Suramya's Blog : Welcome to my crazy life…

September 5, 2011

Getting RTL8111/8168B PCI Express Gigabit Ethernet controller to work in Debian 6

Filed under: Knowledgebase,Linux/Unix Related,Tech Related,Tutorials — Suramya @ 11:28 PM

Once I got Debian 6 installed on my server I needed to connect it to the internet to download updates etc, however my network card wasn’t being detected correctly so I had to perform the following steps to get it to work correctly:

  • Download the latest Linux drivers for the RTL8111 Chipset from the Realtek site on a computer that can connect to the Internet.
  • Copy the file over to your new system via USB or smoke signals
  • Login as root to the server
  • Identify the kernel version that you are running, using the following command:
  • uname -a

    It will give you a result like the following:

    Linux StarKnight 2.6.30-2-686 #1 SMP Sat Aug 27 16:41:03 UTC 2011 i686 GNU/Linux

    Now you need to install the kernel source code for this version on the server. First we need to find the package name of the kernel source code, we do that by running the following command:

    apt-cache search linux |grep header |grep 2.6 

    If you have a 2.4.x kernel, replace grep 2.6 with grep 2.4. Once you have the package name install it using the following command as root:

    apt-get install linux-headers-2.6.30-2-686

    Make sure you replace linux-headers-2.6.30-2-686 with the package name you got.
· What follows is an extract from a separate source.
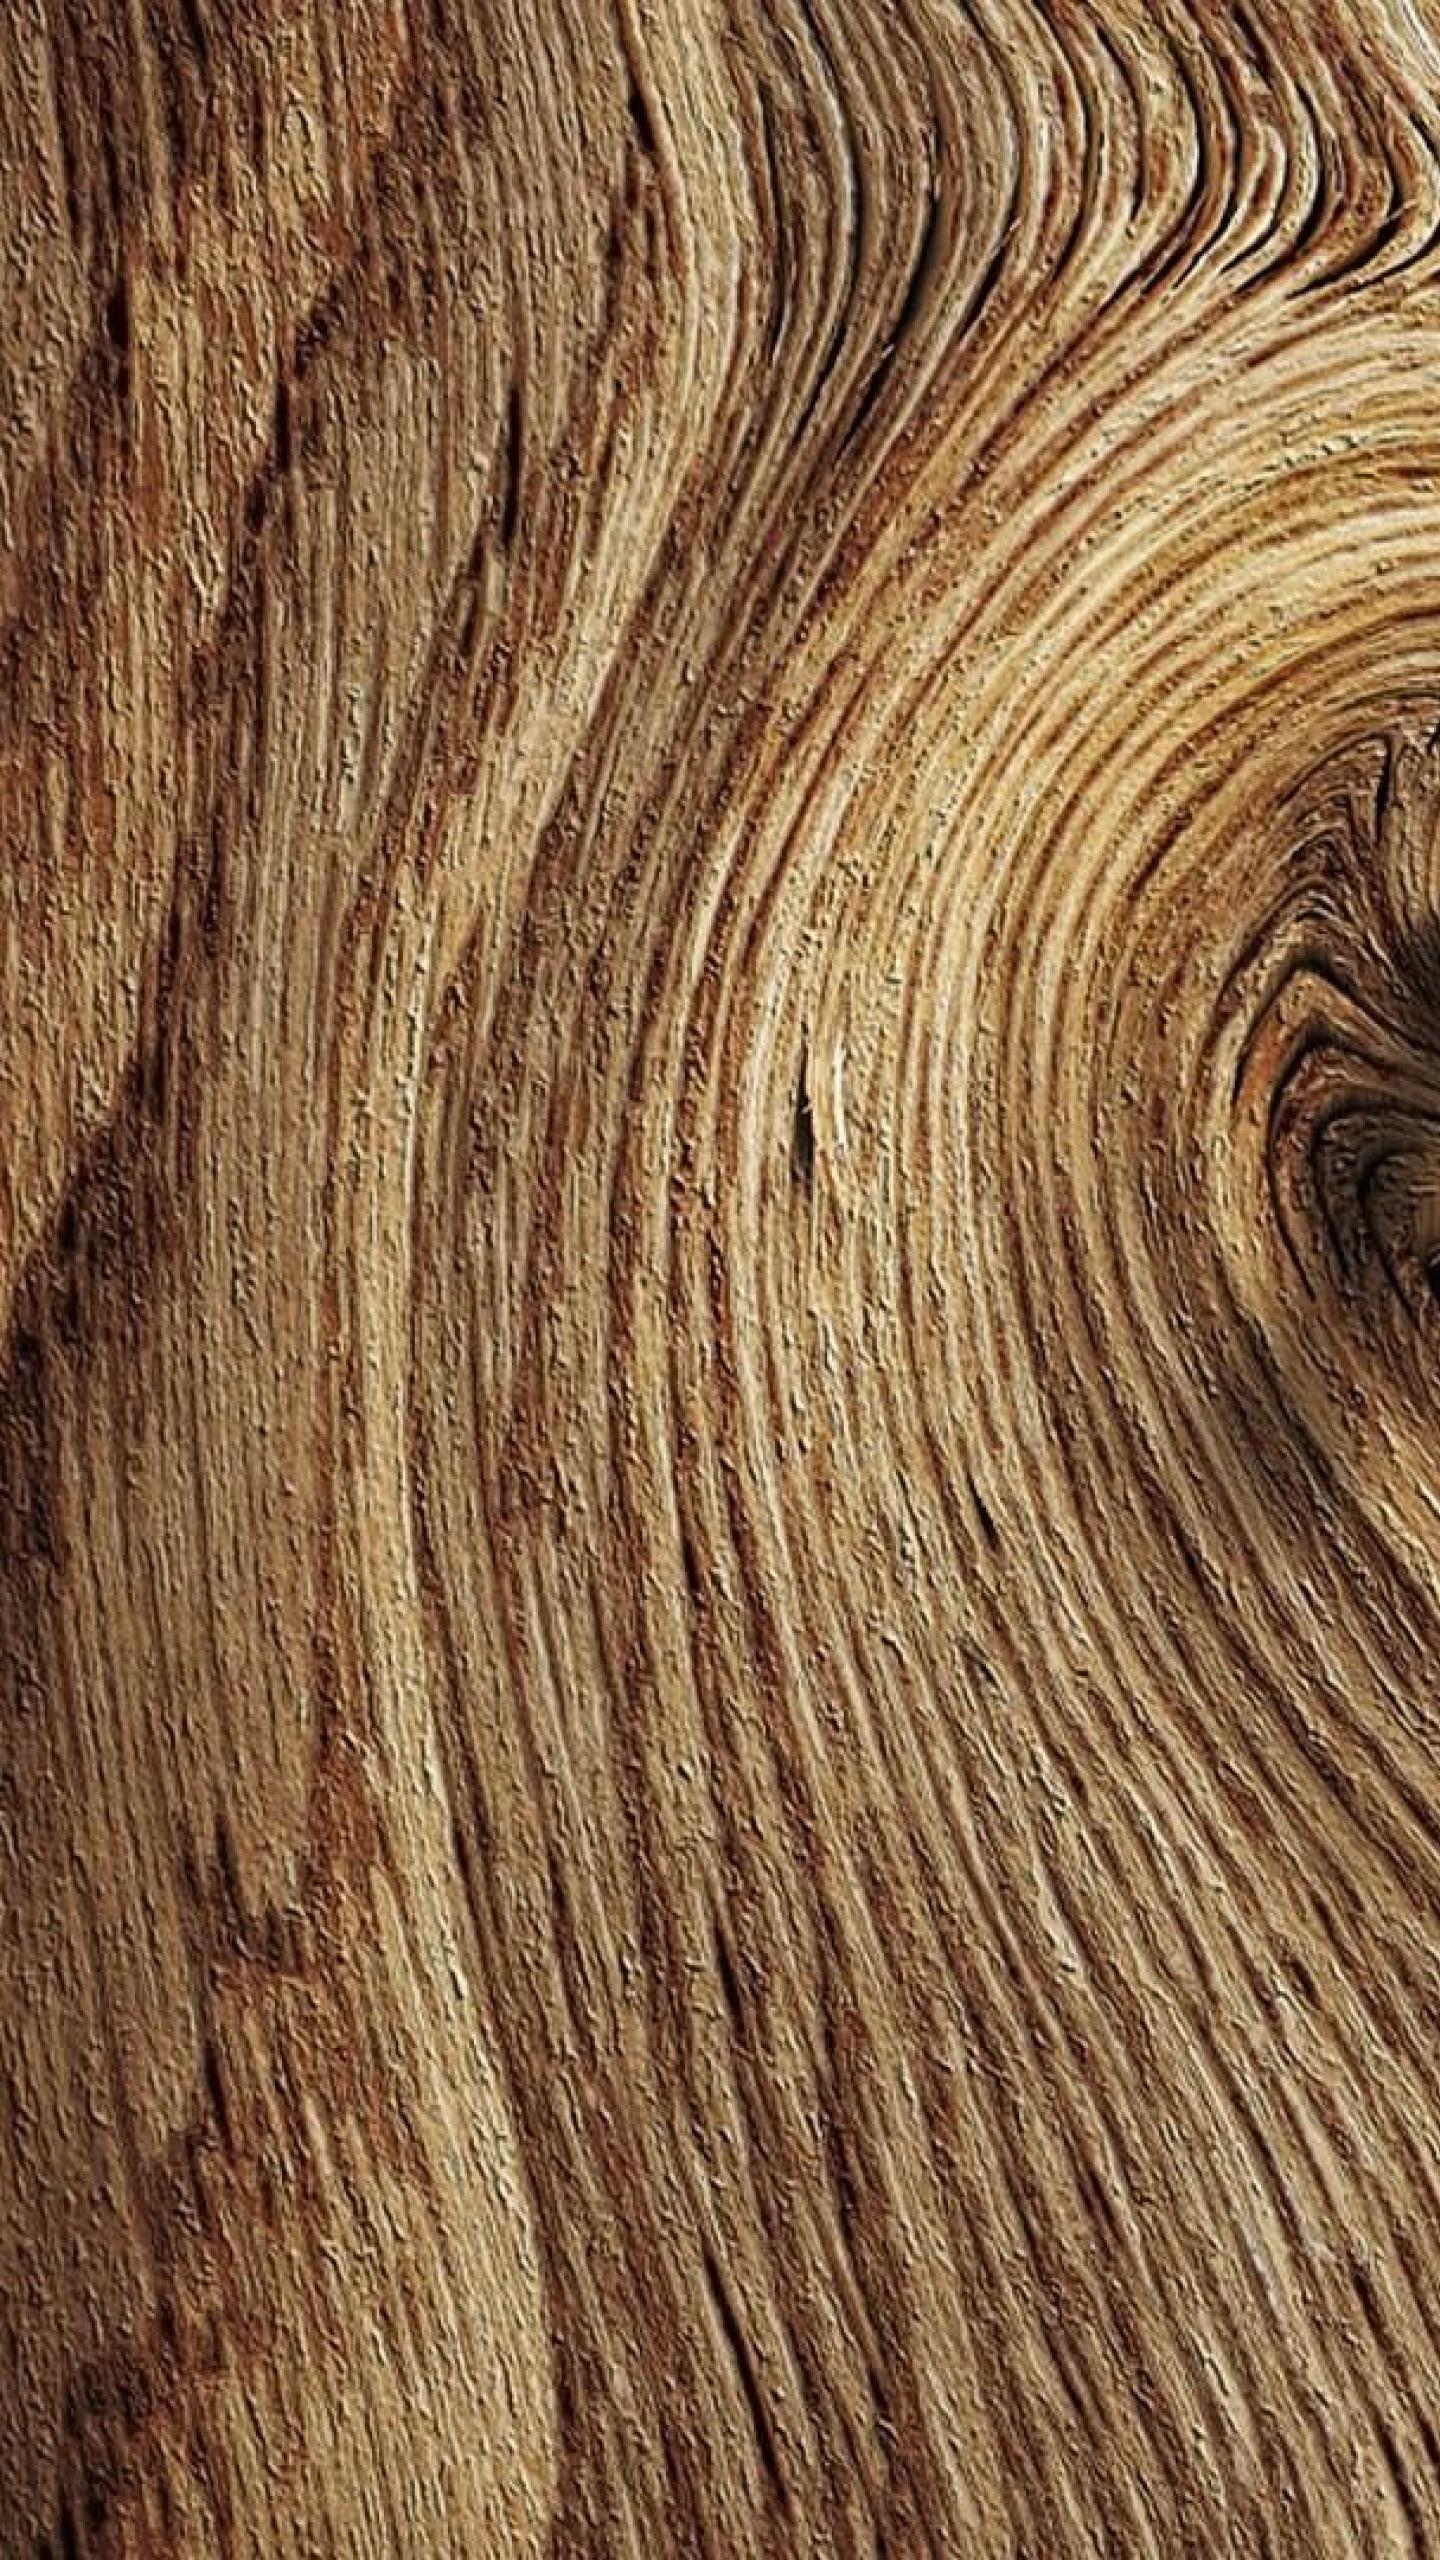 Với hình nền gỗ thô, bạn sẽ được mời đến một không gian hoang sơ và gần gũi với thiên nhiên. Hãy thưởng thức hình ảnh và cảm nhận được sự đẹp độc đáo của nó.

    Once we have the kernel source installed we can go ahead and install the driver using the following commands:

    tar -jxvf
    cd r8168-8.025.00

    This will compile the drive and install it. I didn’t get any errors when I ran it, but if you do get errors try searching for the error message on Google, it usually provides a solution.

    After I installed the driver I tried initializing my network but kept getting the following error message:

    StarKnight:~# ifdown eth0
    ifdown: interface eth0 not configured
    StarKnight:~# ifup eth0
    Ignoring unknown interface eth0=eth0.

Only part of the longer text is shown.